At a time when I can (and have) FaceTimed my mom from a volcano in Hawaii, I am still a writer of postcards.
Any time I stop somewhere notable, I'm sure to send one to my mom, my dad, my nieces and nephews, a handful of friends and until she died in 2019, my grandmother.
I started doing this in 2017 when I spent the summer going to the 18 states I hadn't been to yet.

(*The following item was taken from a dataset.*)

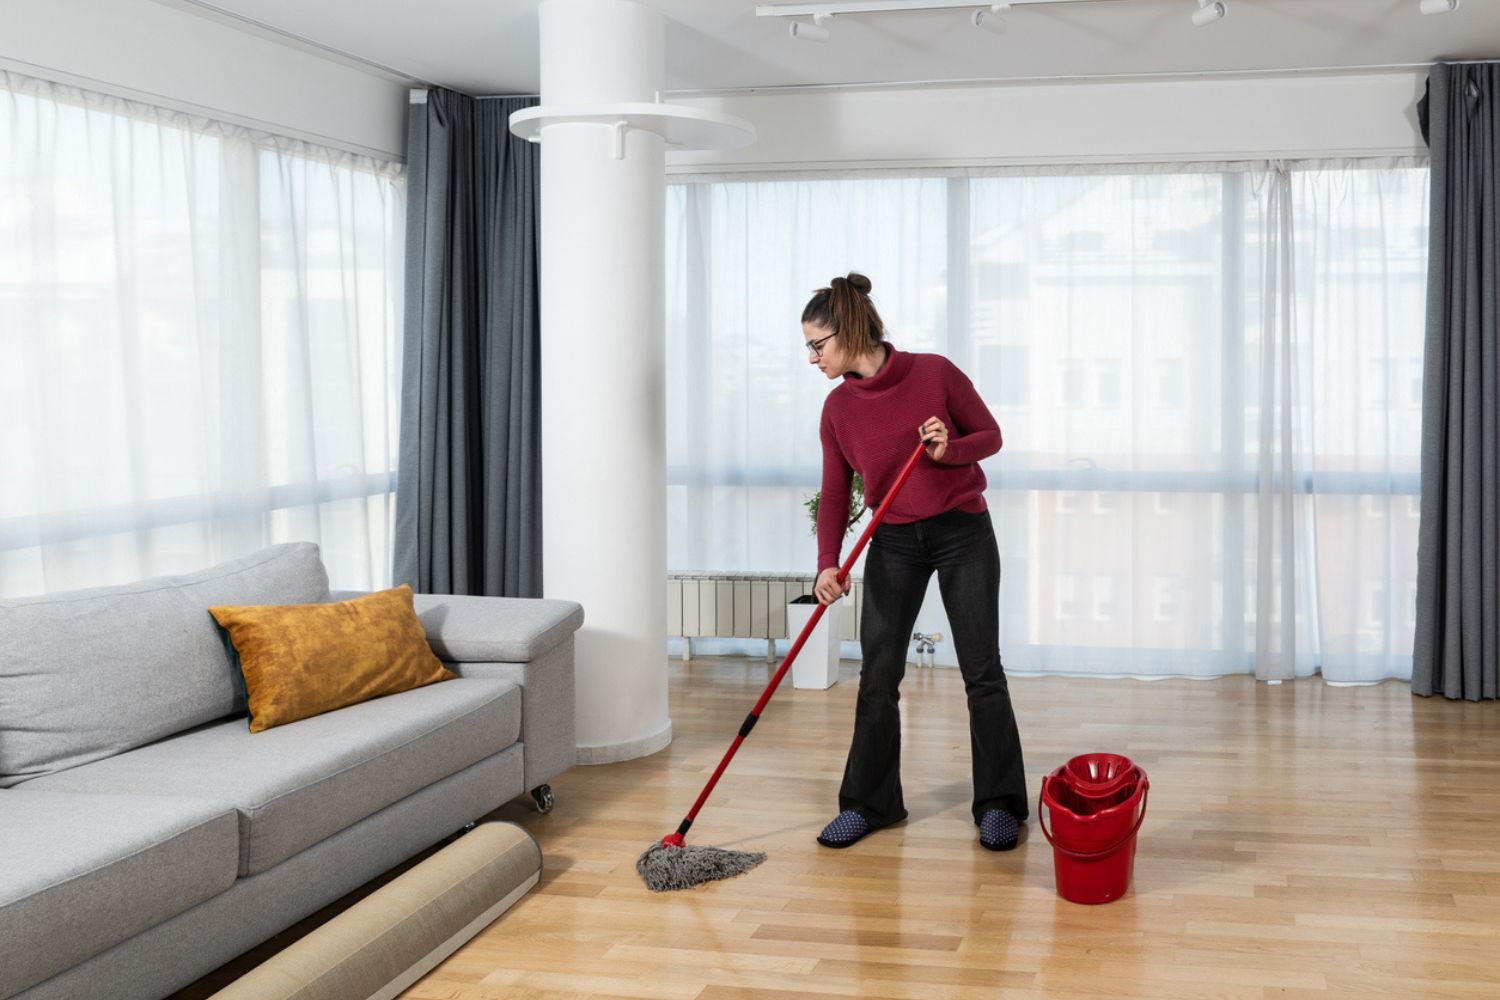 How Much Does Move-Out Cleaning Cost

The habit stuck, for two reasons.
First, for me: It forces me to take a break from whatever I'm doing on the sometimes weeks-long road trips I take.
The act of picking out postcards, sitting down to write a message, address them and affix a stamp, is often enough to remind me not to rush from one spot to the next.
And while I don't often remember what I wrote, I can still see some of the writing locations: a bar in Hilo, Hawaii, a table at Cosmic Ray's Starlight Café in Walt Disney World,picnic tables at the Indiana Dunes National Park and Bandelier National Monument.
There's also the ice cream shop whose name I can't recall, in a town I don't remember, though I can still feel the soft fur of the owner's cattle dog, in part because a few weeks later, I adopted a cattle dog of my own from a shelter in Idaho.
Second, it's an easy way to make someone's day, because while that exact image might have been printed on thousands of postcards and send to thousands of people, the ones I'm sending are coming from one person only: me.
Instead of an Instagram or Facebook post, a physical postcard is personal.
The note might be dashed off, a pithy "hideous, obviously!" on one from Lake Placid depicting Whiteface Mountain at peak foliage, or sincere, even a little sad, like about missing New Jersey's blueberry season despite being at a pool in Las Vegas.
I had time to think about what I wanted to say on those postcards from Isle Royale, something that would capture both the frustration of how many times I'd tried to get there and the elation of that journey being almost complete; I settled on a short and pithy: "I made it!"
A week later, my friend Katherine sent me a picture of the postcard after it arrived at her home. "I find them intimate and one of the kindest acts," she told me. "Who takes time to write? Buy stamps?"
At least for me, it's the same person who still drives a stick-shift car: both experiences are more tactile than their digital counterparts, and make the act of travelling a more hands-on journey.